SUPPLIED INFORMATION |
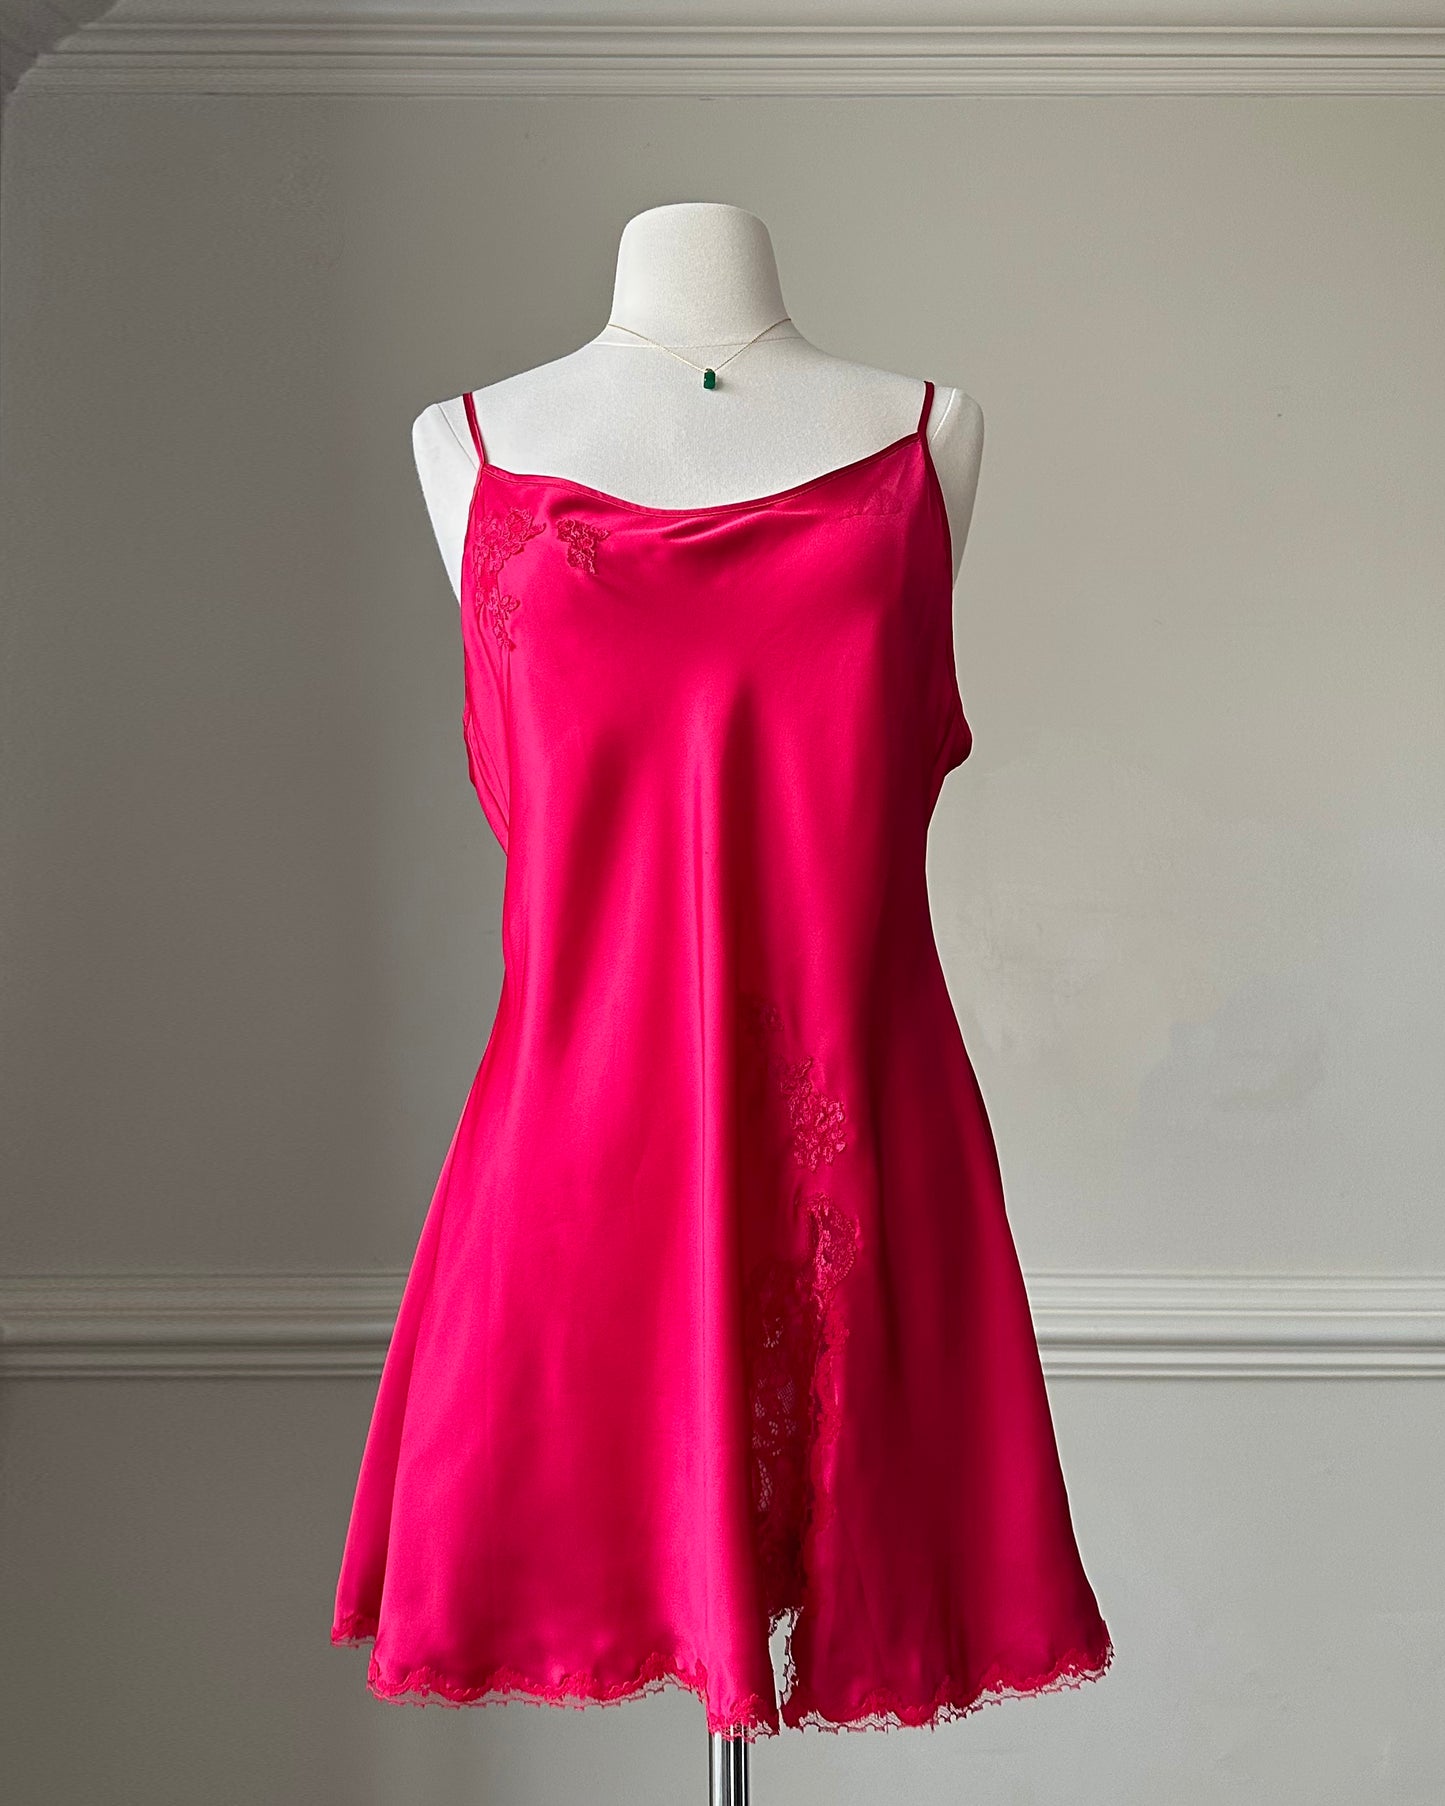 Victoria’s Secret Sultry Red Slip Dress featuring Lace Embroidery Lining
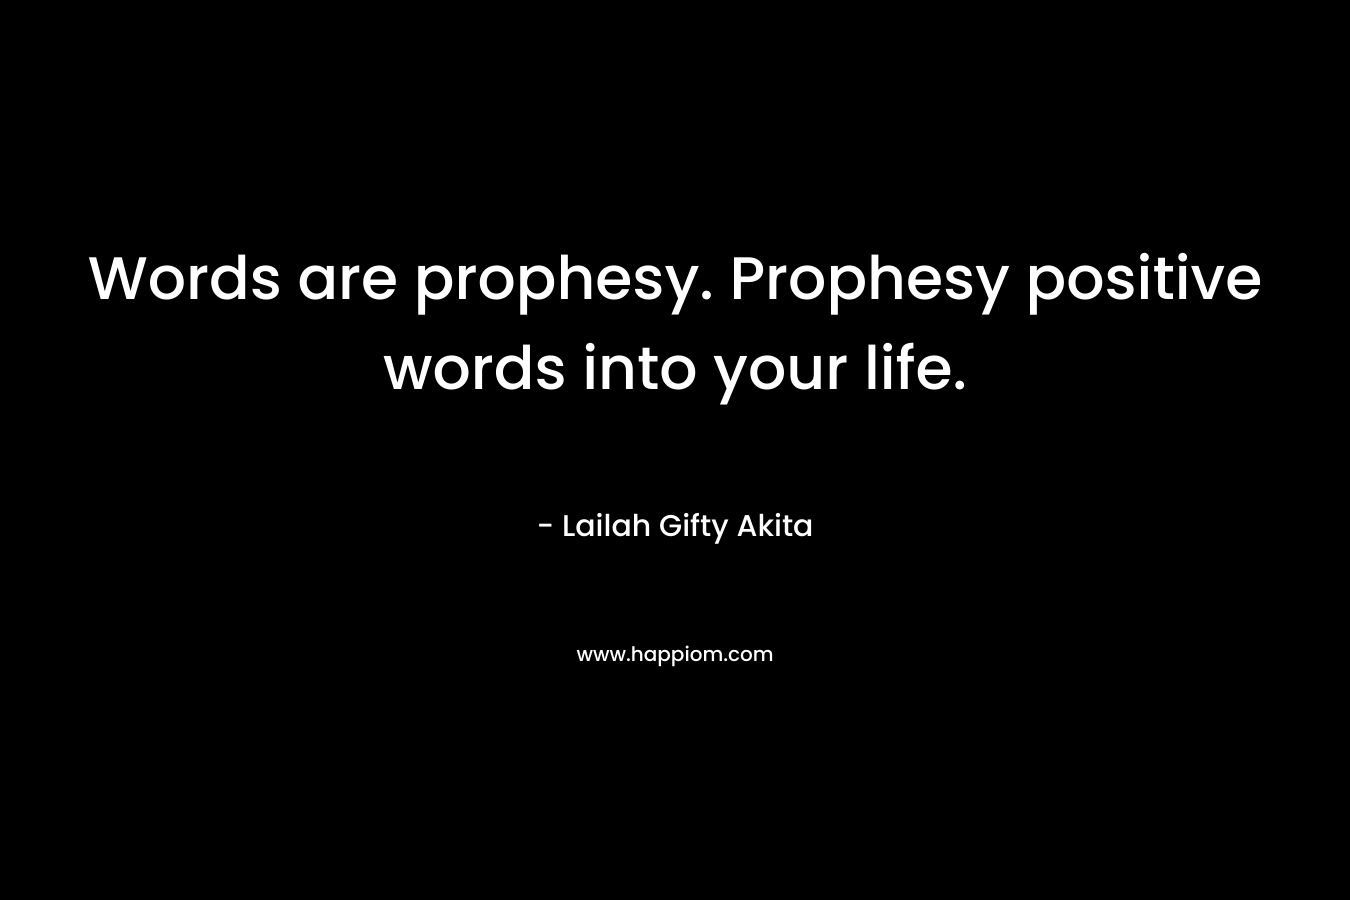 Words are prophesy. Prophesy positive words into your life. – Lailah Gifty Akita
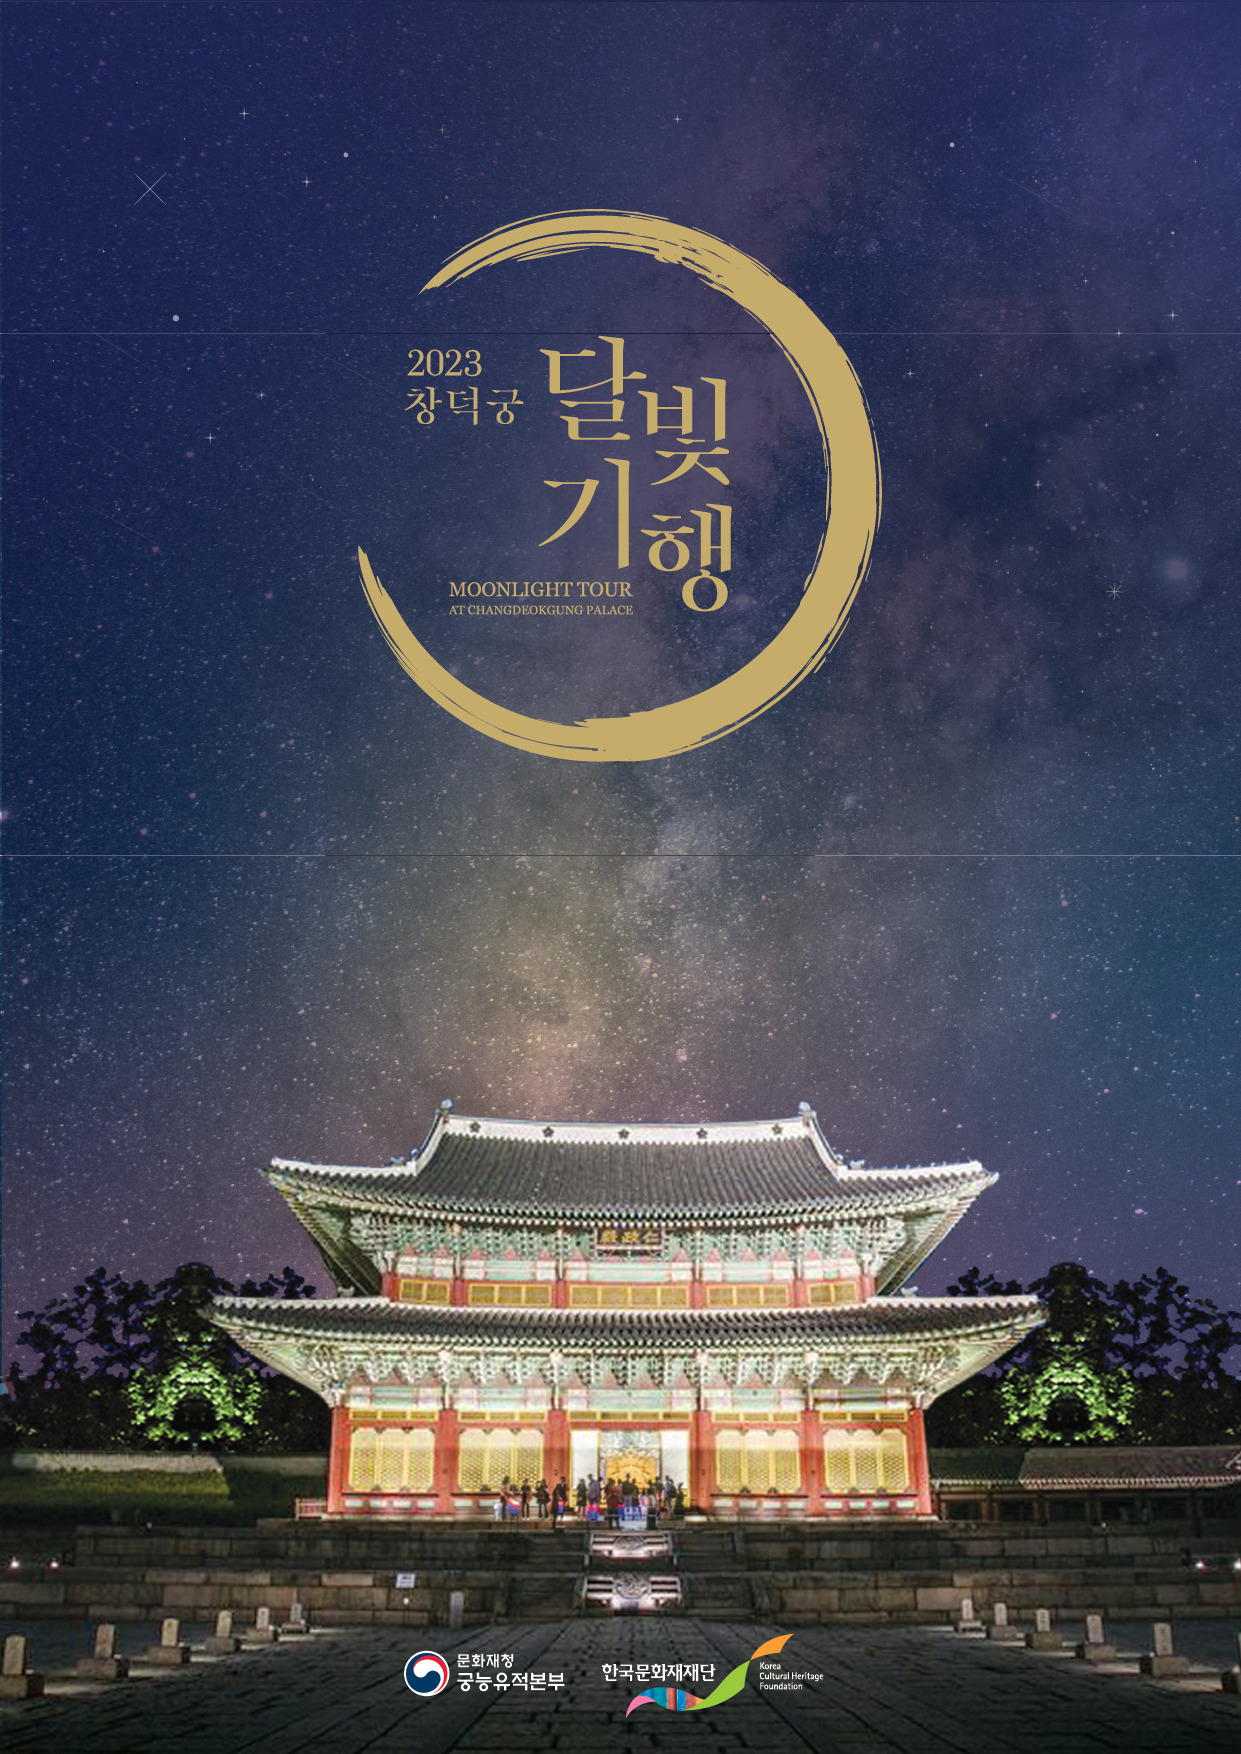 Poster for “Moonlight Tour” at Changdeokgung Palace (CHA)

TASK REQUIREMENTS | Only the lines from the one with "Words are prophesy." to the end of the listing, both ends included, should be retyped exactly; no pictures belong in the copy.

ANSWER SPACE |
 Words are prophesy. Prophesy positive words into your life. – Lailah Gifty Akita
 Poster for “Moonlight Tour” at Changdeokgung Palace (CHA)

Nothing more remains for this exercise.